Certainly not every closeted CD'r is a TS woman primed to explode. Nathalie and Lauren are just two examples of "balance".

I can't speak for your SO or my fellow "exploders", but I knew for years that this was coming. I was just afraid of dealing with it. When I first heard about "sex change" as a teen, my first thought was "Oh, shit! I don't want to have to do that!" I knew in my heart that it was what I needed to do, but my head was not willing. More than 20 years later, I finally walked out the door as a woman. When it turned out to be a great experience, all the excuses I had made no longer made sense.

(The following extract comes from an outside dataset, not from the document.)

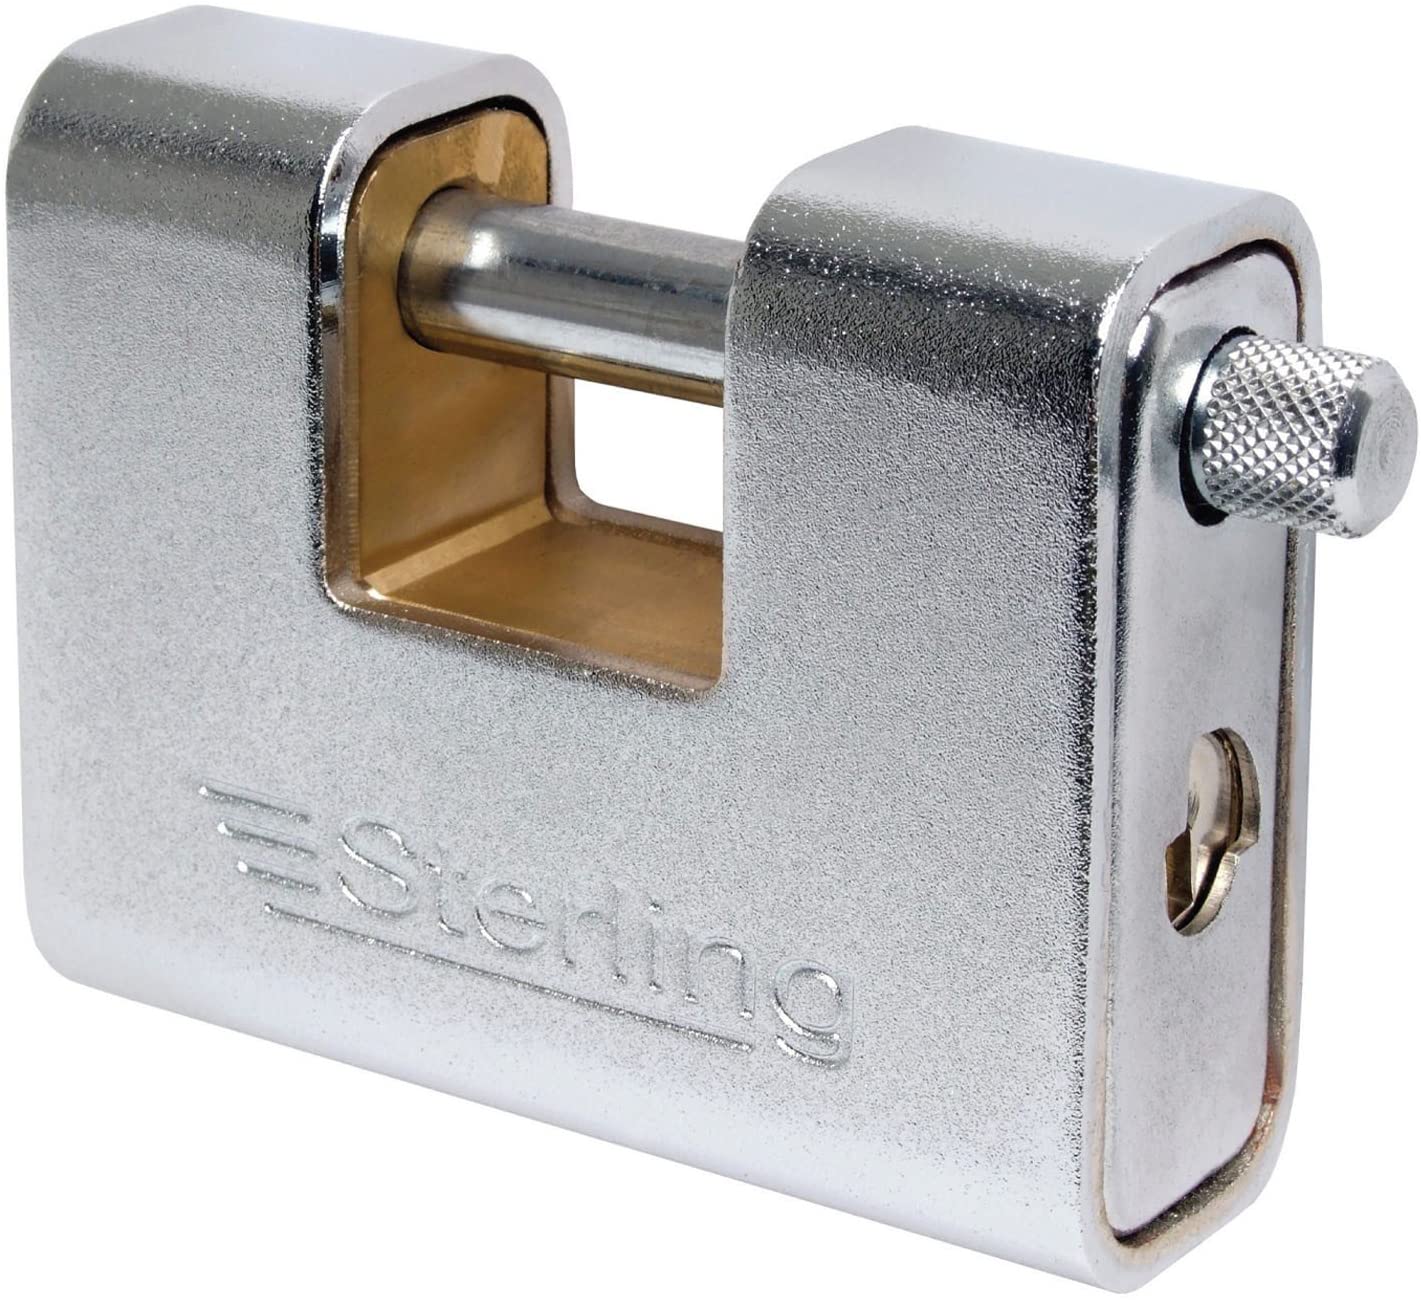 Sterling ASP190 Armoured Steel Shutter Padlock - Anti-drill cylinder

I guess all you can do is talk to your SO and hope he is willing to be honest with you and with himself about who he is and what his needs are.

gabimartini
02-14-2010, 04:13 PM
Thanks to everybody who replied, so far. It's been great reading your comments! :)

danista
02-14-2010, 04:25 PM
i'm feeling like i was just liberated. i want go full time,but have a lot of work ahead of me. i wish i would've found this board a lot SOONER.

JaytoJillian
02-14-2010, 05:21 PM
Gabi, I can totally relate. I think about dressing a lot and whenever I have more than two hours alone, the clothes and makeup go on. I love going out and am generally well-received wherever I go. If I had it to do over again, and knowing what I know now, I know I'd explore transitioning. Just not sure how I could pull it off this late in the game.